L’étude, menée avec l’aide des doctorants Yitzhak Khait et Ohad Lewin Epstein, ainsi que des chercheurs de l'École des sciences mathématiques, de l'Institut de recherche sur les céréales et de l'École des neurosciences de l'Université de Tel-Aviv, a été publiée dans la prestigieuse revue Cell.
Les cris des plantes en détresse
« Nous avons constaté que les plantes émettent des sons à des fréquences élevées que l'oreille humaine est incapable de percevoir, principalement lorsqu'elles sont en détresse », explique le Prof. Hadany. « A chaque catégorie de plante et à chaque type de détresse correspond un son caractéristique qui peut être identifié. Les sons émis par les plantes ressemblent à des déclics, semblable à l’éclatement du pop-corn, à un volume similaire à celui de la parole humaine mais à des fréquences ultrasoniques inaudibles pour l’homme, mais percevables pour diverses créatures dans la nature, comme les chauves-souris, les souris et les insectes ».

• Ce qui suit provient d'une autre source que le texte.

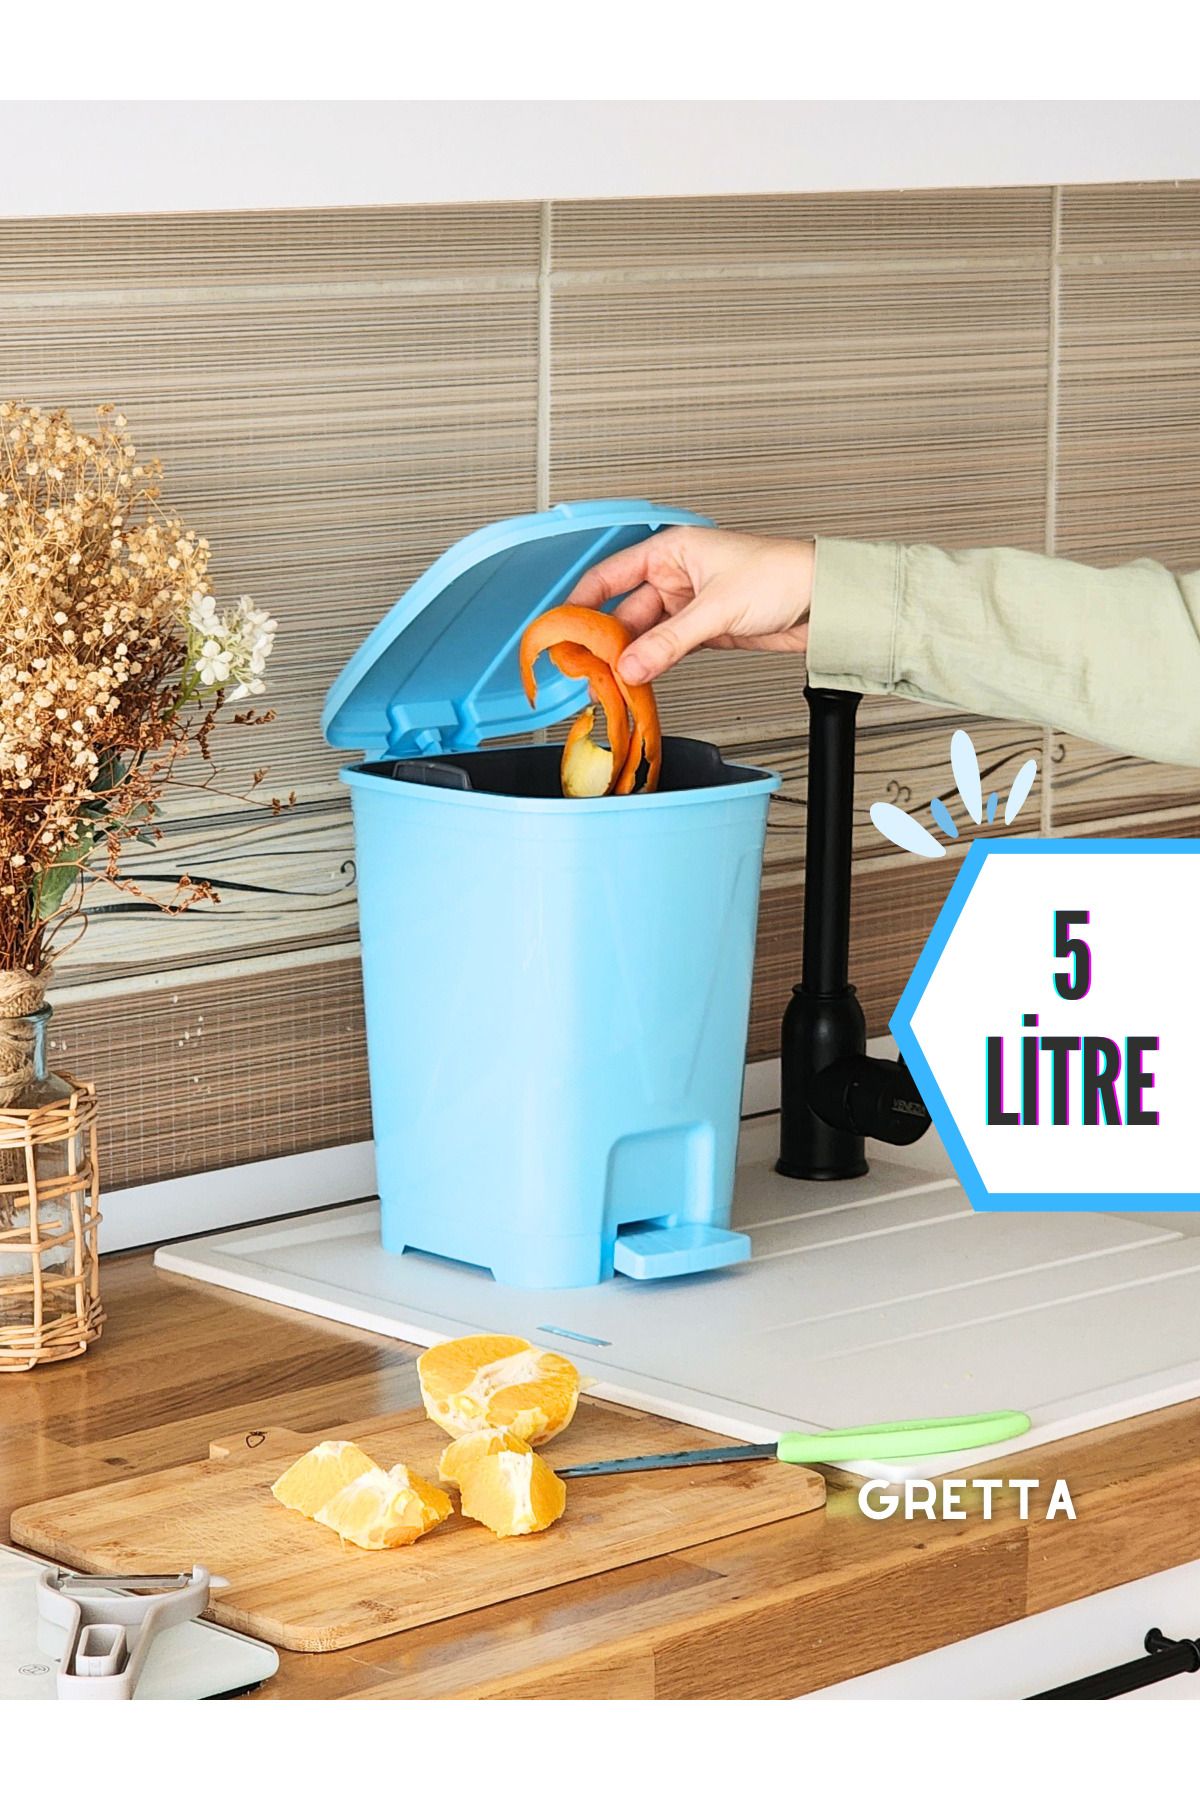 Gretta 5 Litre Açık Mavi Kare Pedallı Çöp Kovası - Mutfak Tezgah Üstü, Banyo Ve Ofis Için Çöp Kovası

« D'après des études antérieures, nous savions qu’on pouvait enregistrer les vibrations d’une plante en lui attachant un vibromètre », poursuit-elle. « Mais jusqu'à présent nous ne savions pas clairement si ces vibrations se transforment en ondes sonores qui se propagent dans l'air, c'est-à-dire en sons qui peuvent être perçus à distance. Dans la présente étude, nous avons cherché à répondre à cette question, qui préoccupe les chercheurs depuis de nombreuses années ».

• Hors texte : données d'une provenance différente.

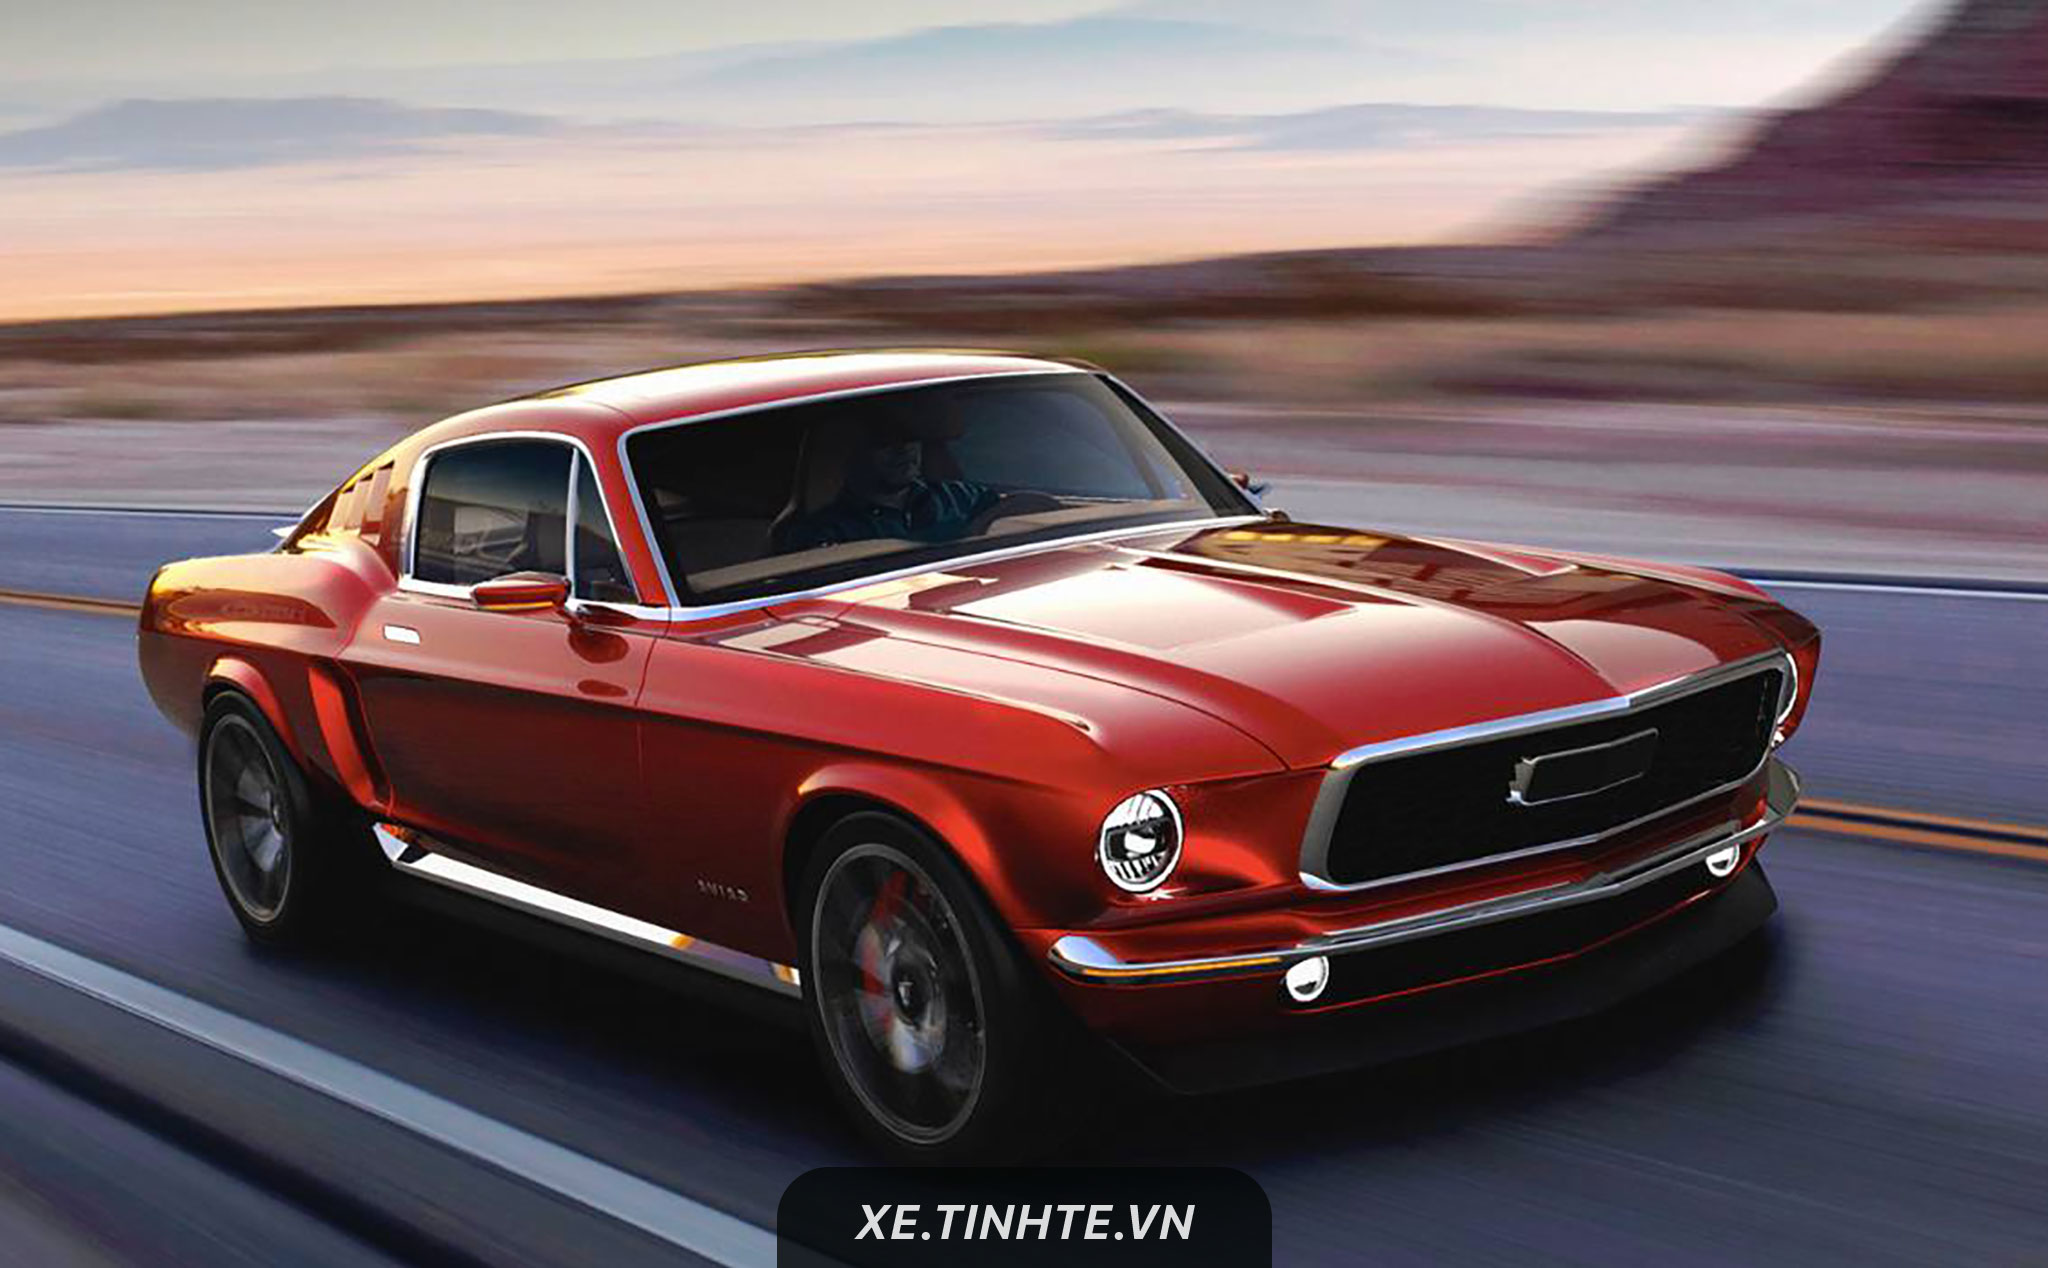 Kiểu "Mustang 1967" với động cơ điện: 840 mã lực, 0-100 km/h trong 2,2 giây, sạc 1 lần chạy 507km

Dans un premier temps, les chercheurs ont placé les plantes dans une boîte d’isolation acoustique dans un sous-sol isolé sans bruits de fond, et ont placé à côté d'elles, à une distance d'environ 10 cm, des microphones à ultrasons qui captent les sons à des fréquences comprises entre 40 et 80 kHz (l'oreille d'un adulte capte jusqu'à environ 16 kHz). Les enregistrements ont été effectués principalement sur des plants de tomate et de tabac, mais aussi sur du blé, du maïs, de la vigne, des cactus et des lamiers.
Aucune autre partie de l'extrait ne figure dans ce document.